From: Steven Rostedt
Date: Wed Jan 11 2006 - 21:13:50 EST


Finally! I did it. I have an updated timer_stress test at
http://www.kihontech.com/tests/rt/timer_stress.c
that triggers the deadlock that I have been mentioning (and hit once in
my kernel). But this time I hit it in 2.6.15-rt4-sr1 and got the
following output:

On my SMP machine I got this (this is even before I changed the test to
do intervals:

============================================
BUG: Unable to handle kernel paging request at virtual address 00100104
printing eip:
c0138ead
*pde = 00000000
Oops: 0002 [#1]
PREEMPT SMP
Modules linked in: binfmt_misc nfsd exportfs lockd sunrpc lp capability commoncap sd_mod usb_storage scsi_mod usbhid usblp psmouse serio_raw snd_emu10k1_synth snd_emux_synth snd_seq_virmidi snd_seq_midi_emul snd_seq_dummy snd_seq_oss snd_seq_midi snd_seq_midi_event snd_seq 3c59x mii floppy snd_emu10k1 snd_rawmidi snd_seq_device snd_ac97_codec snd_pcm_oss snd_mixer_oss snd_pcm ohci_hcd snd_timer snd_ac97_bus snd_page_alloc snd_util_mem snd_hwdep parport_pc parport snd soundcore rtc
ide_cd cdrom pcspkr shpchp pci_hotplug hw_random joydev evdev mousedev unix
CPU: 1
EIP: 0060:[<c0138ead>] Not tainted VLI
EFLAGS: 00010046 (2.6.15-rt4-sr1)
EIP is at __remove_hrtimer+0x3d/0x70
eax: 00200200 ebx: f738a424 ecx: f738a44c edx: 00100100
esi: c20201b4 edi: f738a424 ebp: f4d7deb0 esp: f4d7dea0
ds: 007b es: 007b ss: 0068 preempt: 00000002
Process timer_stress (pid: 6035, threadinfo=f4d7c000 task=f6fa2070 stack_left=7788 worst_left=-1)
Stack: c0138775 00000000 00000000 c20201b4 f4d7ded8 c0138f0f f738a424 c20201b4
00000286 00000000 00000286 00000000 3b9aca00 f4d7df98 f4d7def4 c013902e
f738a424 0000c350 00000000 00000001 00000001 f4d7df74 c0123fd3 f738a424
Call Trace:
[<c01040dc>] show_stack+0x9c/0xe0 (28)
[<c01042c4>] show_registers+0x184/0x240 (60)
[<c0104522>] die+0x102/0x190 (56)
[<c0115e7b>] do_page_fault+0x20b/0x5a0 (76)
[<c0103d5f>] error_code+0x4f/0x54 (76)
[<c0138f0f>] __hrtimer_start+0x2f/0x120 (40)
[<c013902e>] hrtimer_start+0x2e/0x30 (28)
[<c0123fd3>] do_setitimer+0x573/0x5c0 (128)
[<c0124062>] sys_setitimer+0x42/0xb0 (64)
[<c01031e5>] syscall_call+0x7/0xb (-8116)
Code: 83 7b 18 03 74 1c 39 5e 10 74 3b 8d 46 0c 89 1c 24 89 44 24 04 e8 f4 fc 0b
00 8b 5d f8 8b 75 fc c9 c3 8d 4b 28 8b 53 28 8b 41 04 <89> 42 04 89 10 c7 41 04 00 02 20 00 c7 43 28 00 01 10 00 8b 5d
NMI watchdog detected lockup on CPU#1 (50000/50000)

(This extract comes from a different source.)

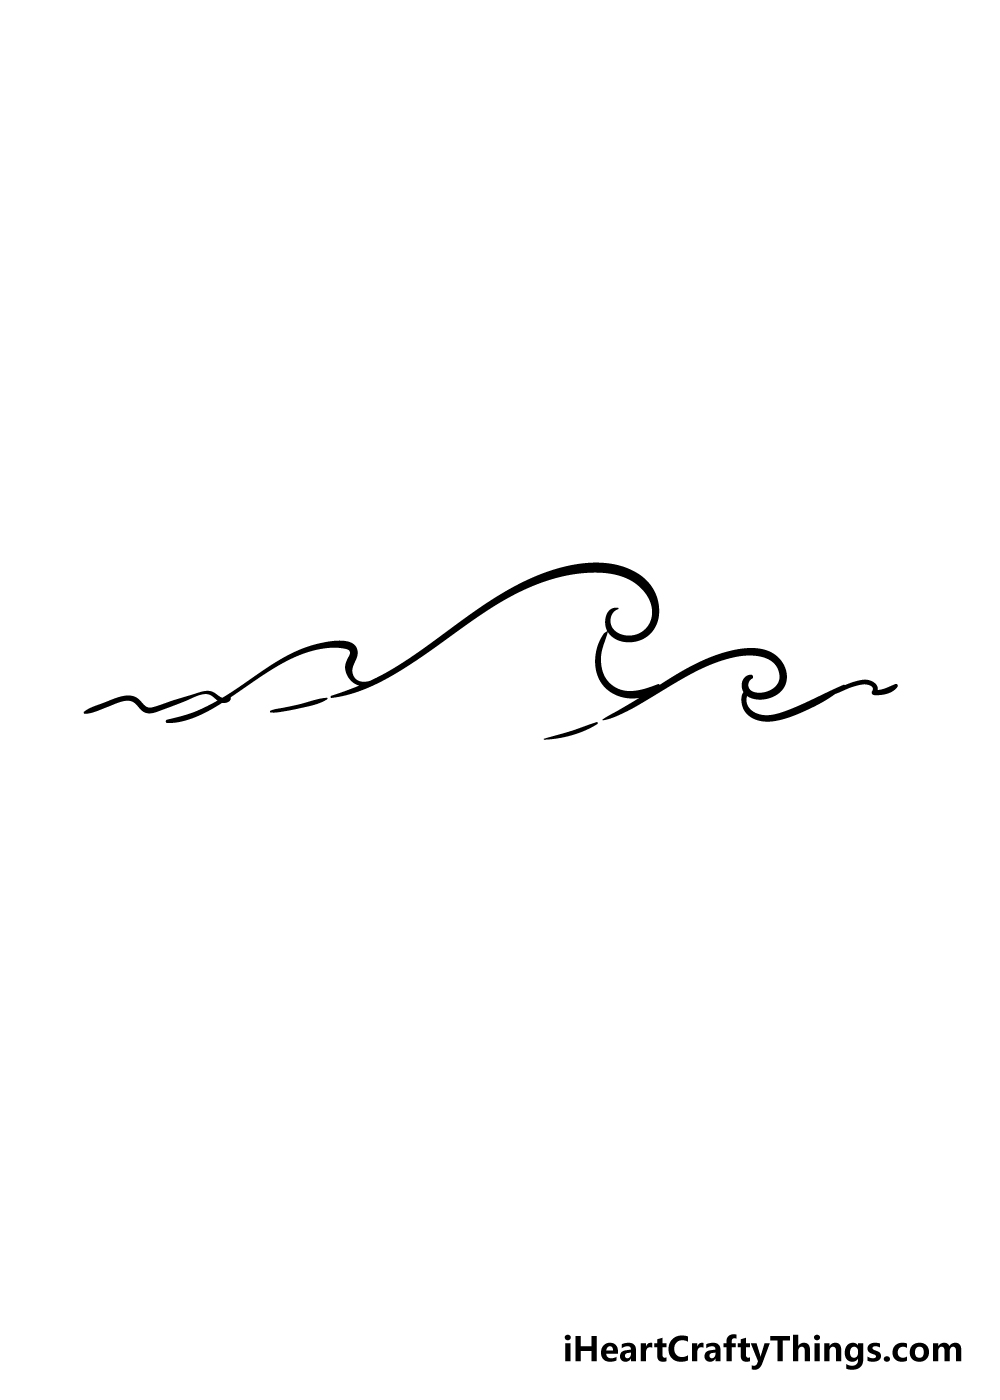 Waves 4 1 - Hướng dẫn chi tiết cách vẽ sóng biển đơn giản với 6 bước cơ bản

Pid: 6035, comm: timer_stress
EIP: 0060:[<c02fbce4>] CPU: 1
EIP is at _raw_spin_lock+0x14/0x20
EFLAGS: 00000082 Not tainted (2.6.15-rt4-sr1)
EAX: c20201b8 EBX: 00000000 ECX: a7fb63da EDX: f4d7c000
ESI: c20201d4 EDI: c20201b4 EBP: f4d7dd34 DS: 007b ES: 007b
CR0: 8005003b CR2: 00100104 CR3: 34d33000 CR4: 000006d0
[<c01012e2>] show_regs+0x162/0x190 (44)
=======================================

Notice the bad address: 00100104, that's a list poison. From hrtimers.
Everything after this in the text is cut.